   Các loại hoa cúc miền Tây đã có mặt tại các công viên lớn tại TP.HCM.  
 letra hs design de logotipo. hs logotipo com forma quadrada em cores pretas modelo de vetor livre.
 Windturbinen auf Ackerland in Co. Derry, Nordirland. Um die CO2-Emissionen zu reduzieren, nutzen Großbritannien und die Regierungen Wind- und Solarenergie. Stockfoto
***
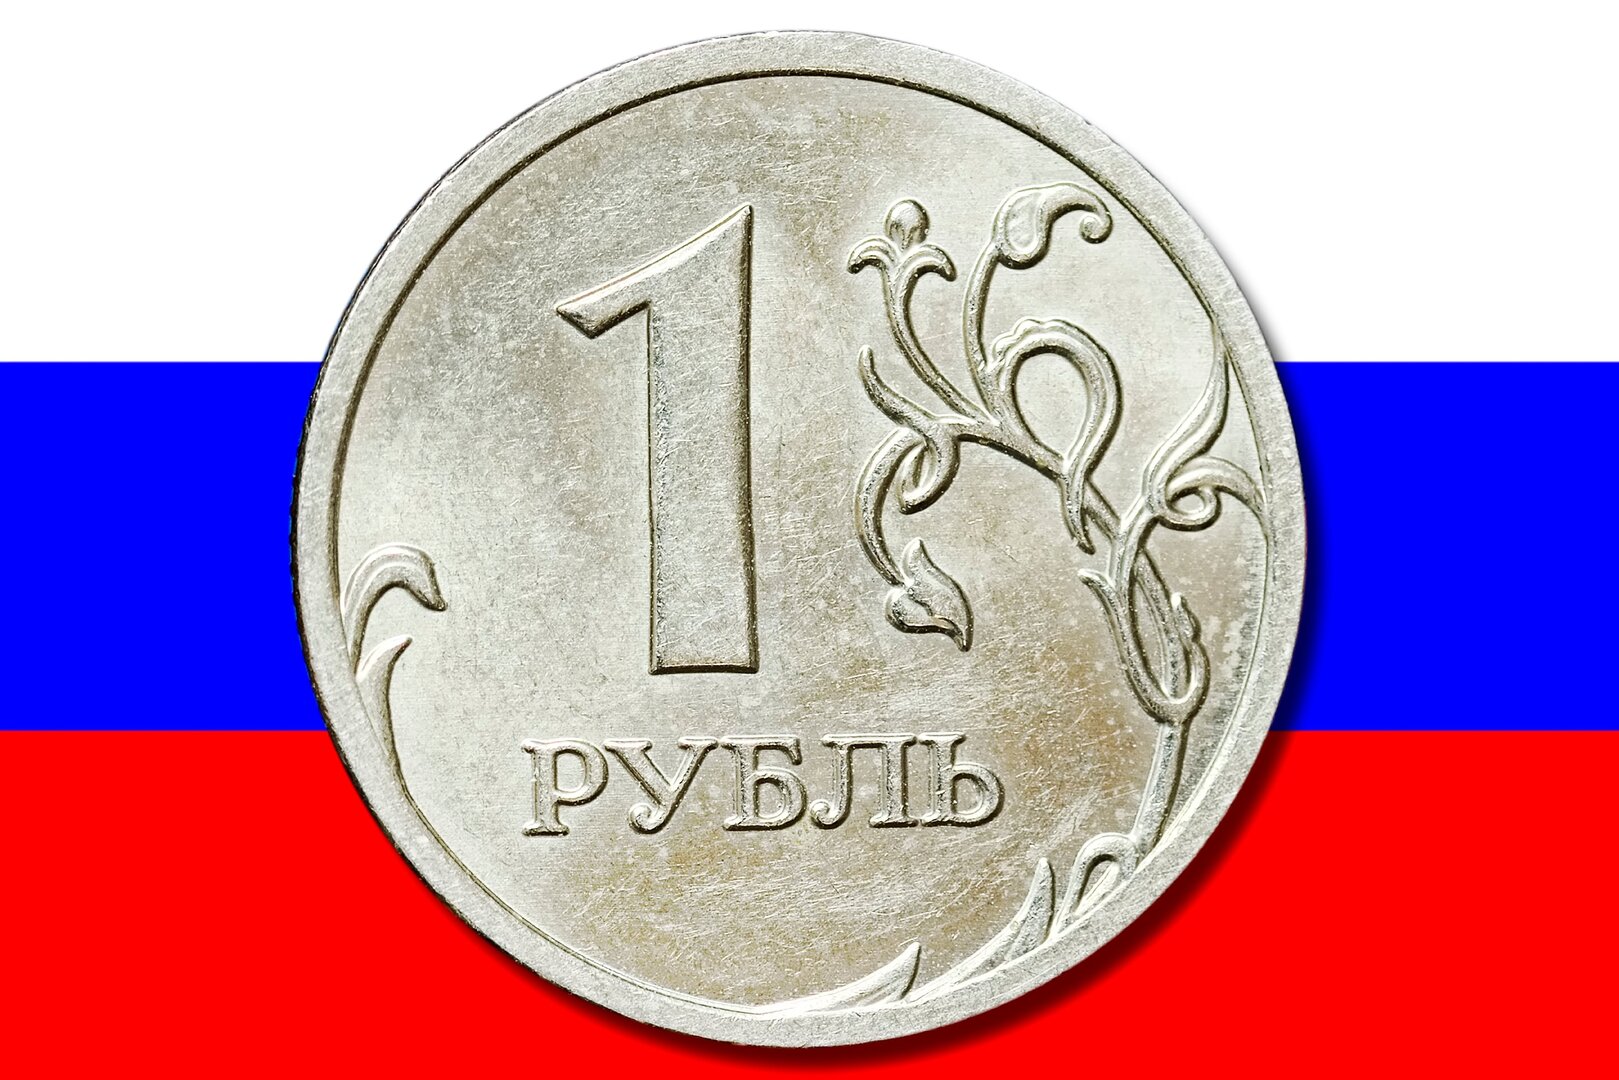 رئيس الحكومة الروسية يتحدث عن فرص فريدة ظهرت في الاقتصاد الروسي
***
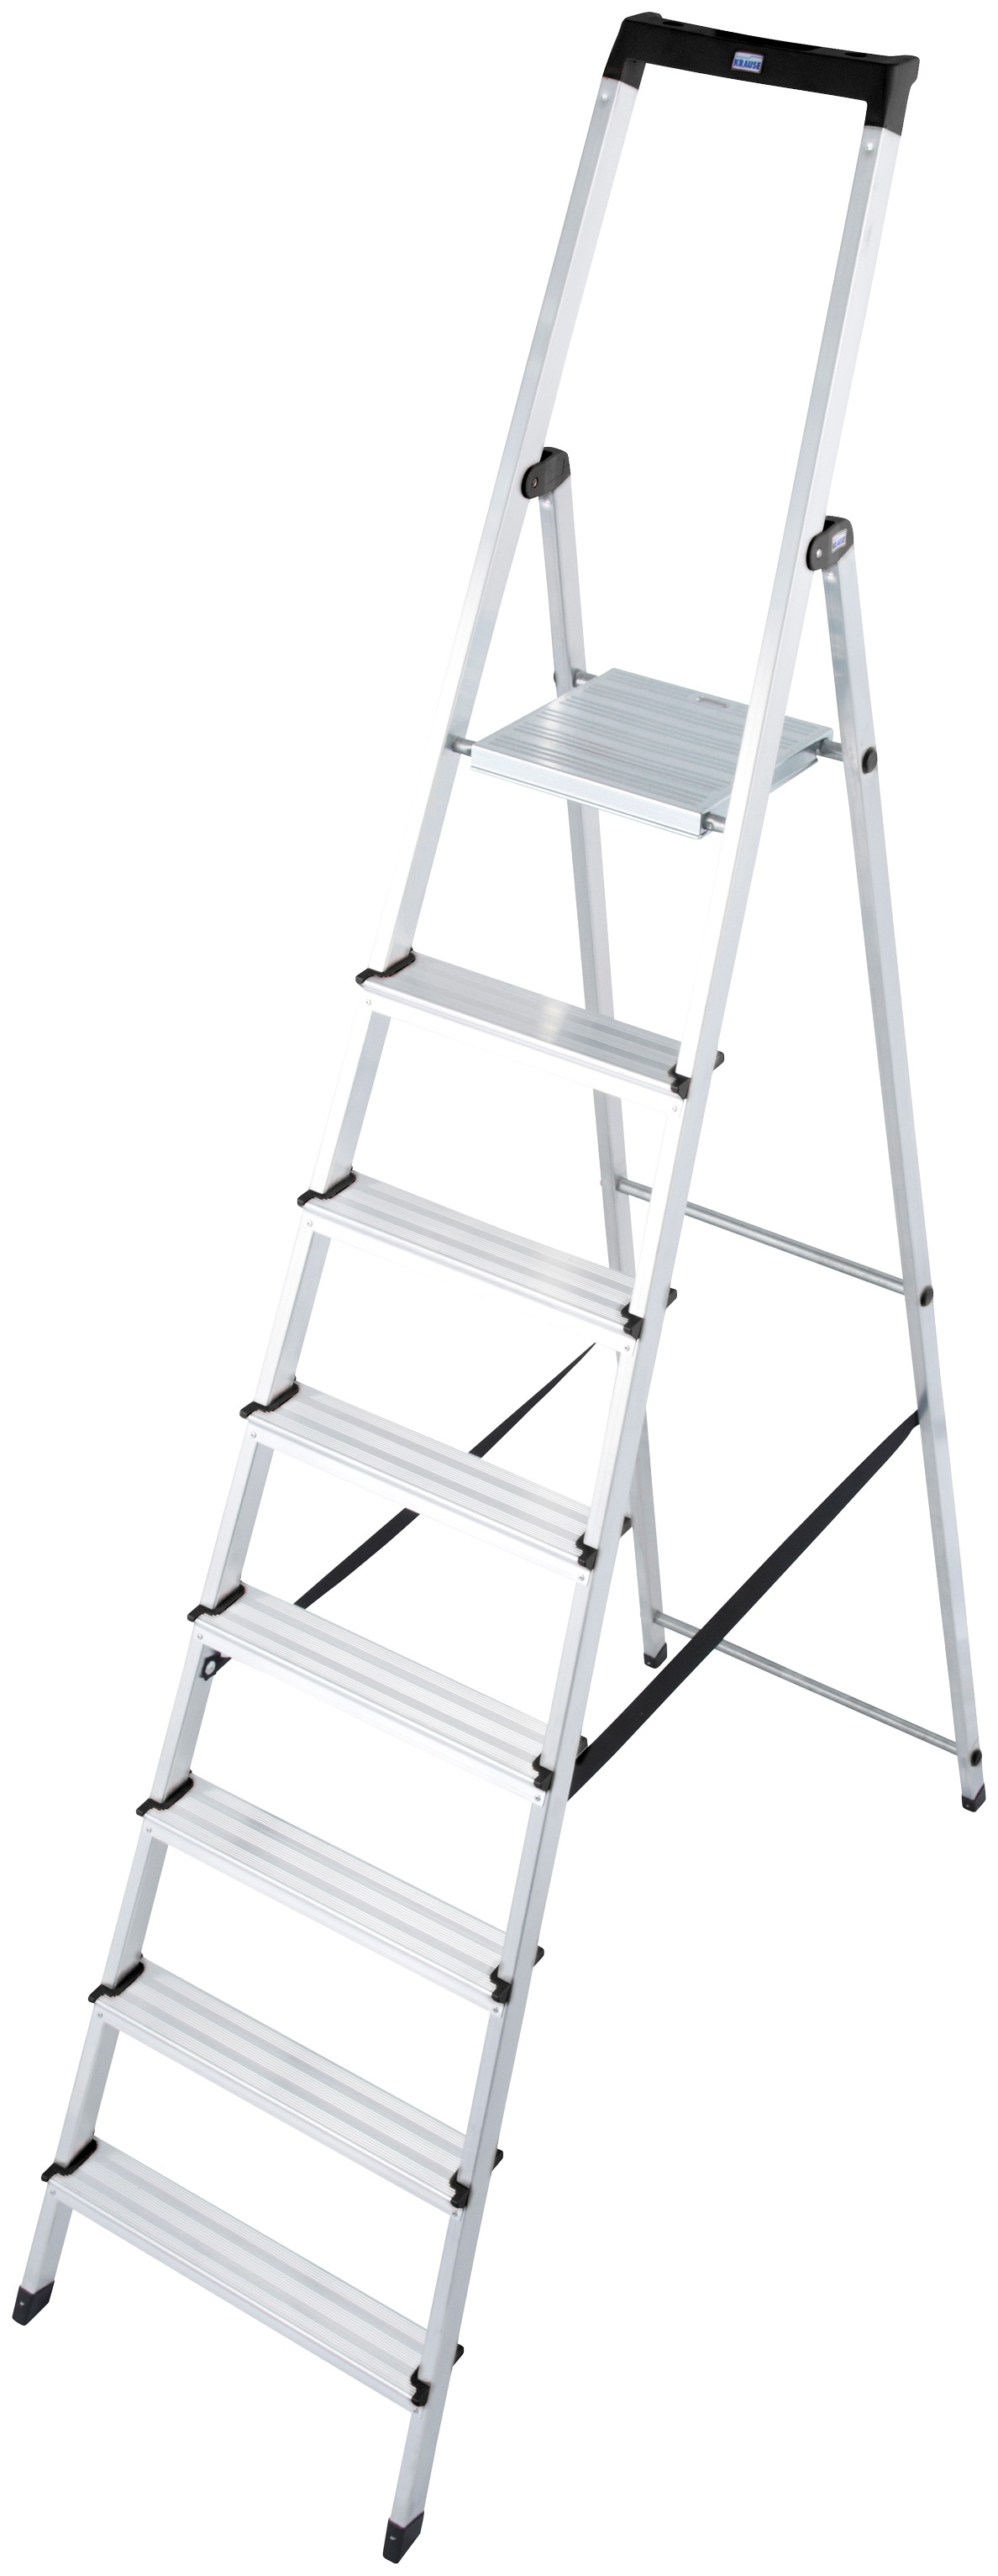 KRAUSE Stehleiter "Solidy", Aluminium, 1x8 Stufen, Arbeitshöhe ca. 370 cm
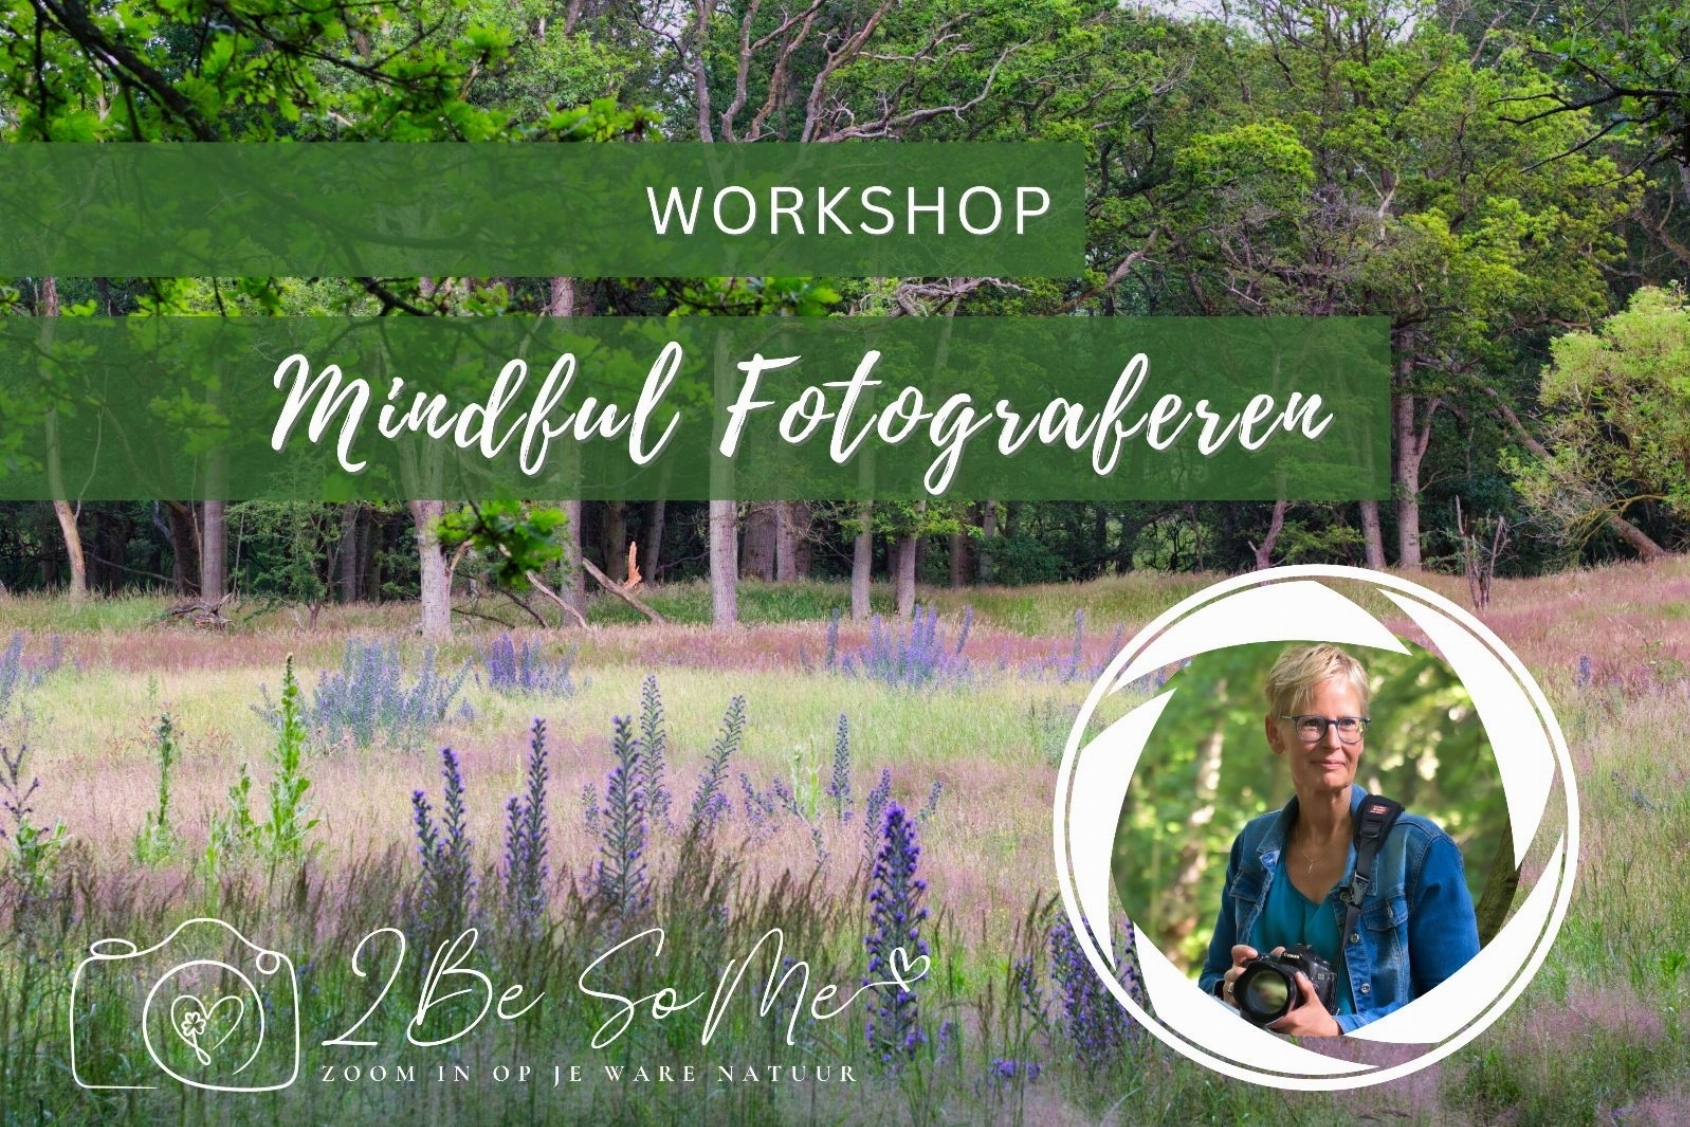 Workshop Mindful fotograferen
***
[Work item] Above are the records; repeat exactly the lines from the one holding "Các loại hoa" down to the one holding "letra hs design", end lines included.

[Your solution]
   Các loại hoa cúc miền Tây đã có mặt tại các công viên lớn tại TP.HCM.  
 letra hs design de logotipo. hs logotipo com forma quadrada em cores pretas modelo de vetor livre.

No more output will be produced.